That Rascal Gustave
By
Charles Paul de Kock
Introduction
Those who have heard of Paul de Kock at all will have probably have come across the name in
Ulysses; Molly Bloom asks her husband Leopold to get her one of his
books, and there are several other references to him in various places in the
novel. (Though Sweets of Sin, the book Bloom bought, is apparently not
by him.) Even to Joyceans it may come as a surprise
to realise that Paul de Kock really existed; at least
one (amateur) Joyce fan assured me that he didn't. But he did; he was a
well-known and enormously popular French author of the first half of the
nineteenth century. His books were translated into several languages, and
popular in Britain for many years. Collected editions in English translation
were published in both England and the USA in 1902-1904.
That Rascal
Gustave.
That Rascal Gustave, published in French as Gustave le Mauvais sujet in 1822, is
a typical example of his manner, which 19th century audiences found
titillating, though of course, it is very tame by ours. Gustave is a
harum-scarum, forever running after women, sometimes catching one, and getting
into ludicrous scrapes. His father, who loves him but is exasperated by his
antics, is trying to make him settle down with a more eligible partner, and
Gustave expends a lot of time and energy in trying to avoid this. It ends, of course, with wedding bells and
both father and son happy with the outcome.

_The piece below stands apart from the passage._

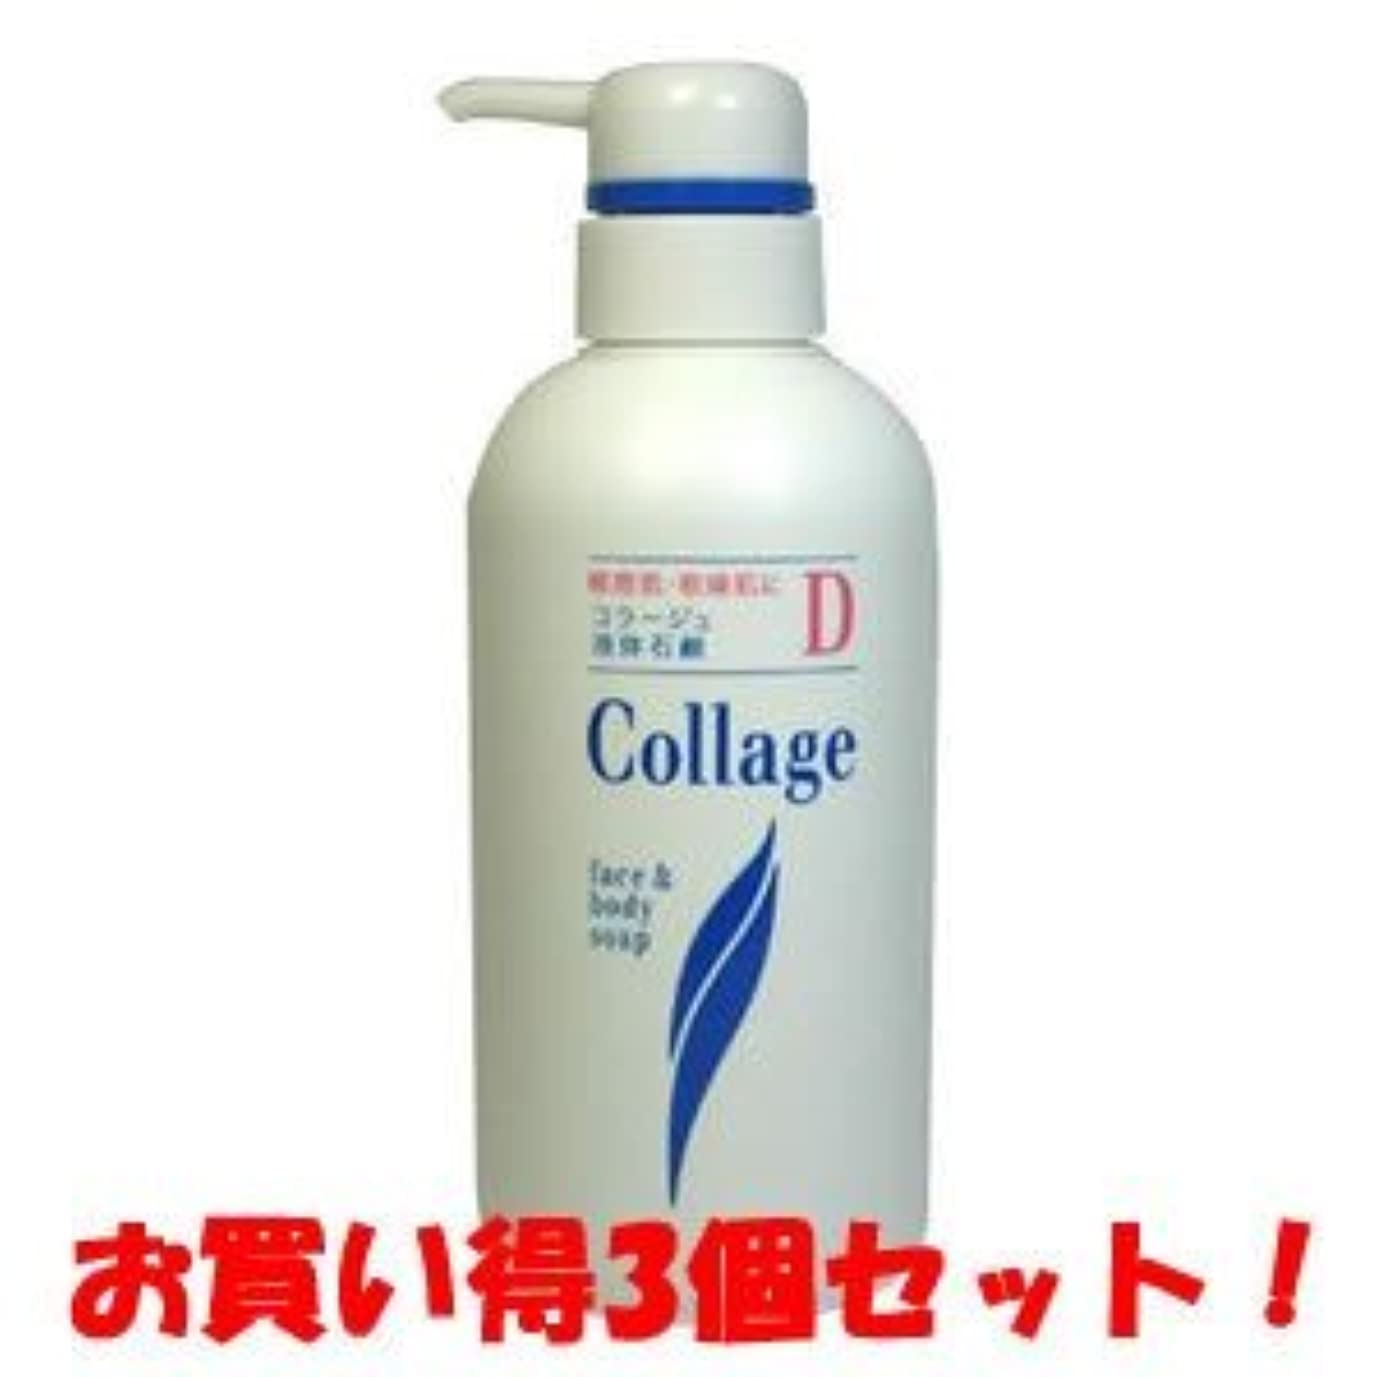 血まみれ許可するサイレン(持田ヘルスケア)コラージュD 液体石鹸 敏感肌?乾燥肌 400ml(お買い得3個セット)

Paul de Kock - a Brief Biography
(From the 11th Edition of the Encyclopaedia Britannica
[1911])
KOCK,
CHARLES PAUL DE (1793-1871), French novelist, was born at Passy on the 21st of
May 1793. He was a posthumous child, his father, a banker of Dutch extraction,
having been a victim of the Terror. Paul de Kock
began life as a banker's clerk. For the most part he resided on the Boulevard
St Martin, and was one of the most inveterate of Parisians. He died in Paris on
the 27th of April 1871. He began to write for the stage very early, and
composed many operatic libretti. His first novel, L'Enfant de ma Femme
(1811), was published at his own expense. In 1820 he began his long and
successful series of novels dealing with Parisian life with Georgette, ou La Mère de Tabellion.
His period of greatest and most successful activity was the Restoration and the
early days of Louis Philippe. He was relatively less popular in France itself
than abroad, where he was considered as the special painter of life in Paris.
Major Pendennis's remark that he had read nothing of
the novel kind for thirty years except Paul de Kock,
who certainly made him laugh, is likely to remain one of the most durable of
his testimonials, and may be classed with the legendary question of a foreign
sovereign to a Frenchman who was paying his respects, "Vous
venez de Paris et vous devez savoir des nouvelles.
Comment se porte Paul de Kock?"
The disappearance of the grisette and of the cheap
dissipation described by Henri Murger practically
made Paul de Kock obsolete. But to the student of
manners his portraiture of low and middle class life in the first half of the
19th century at Paris still has its value.
The works of Paul de Kock are very numerous. With the
exception of a few not very felicitous excursions into historical romance and
some miscellaneous works of which his share in La Grande Rue, Paris
(1842), is the chief, they are all stories of middle-class Parisian life, of guinguettes and cabarets and equivocal adventures of one
sort or another. The most famous are Andre le Savoyard (1825) and Le Barbier de Paris (1826).
Quotations
.
. . Get another of Paul de Kock's. Nice name he has.
.
. . I wonder what kind is that book he brought me Sweets of Sin by a gentleman
of fashion some other Mr de Kock I suppose the people
gave him that nickname going about with his tube from one woman to another . .
.
-- James Joyce, Ulysses
Besides
the works of English "light literature" which this diligent student
devoured, he brought down boxes of the light literature of the neighbouring
country of France: into the leaves of which when Helen dipped, she read such
things as caused her to open her eyes with wonder. But Pen showed her that it
was not he who made the books, though it was absolutely necessary that he
should keep up his French by an acquaintance with the most celebrated writers
of the day, and that it was as clearly his duty to read the eminent Paul de Kock, as to study Swift or Moliere.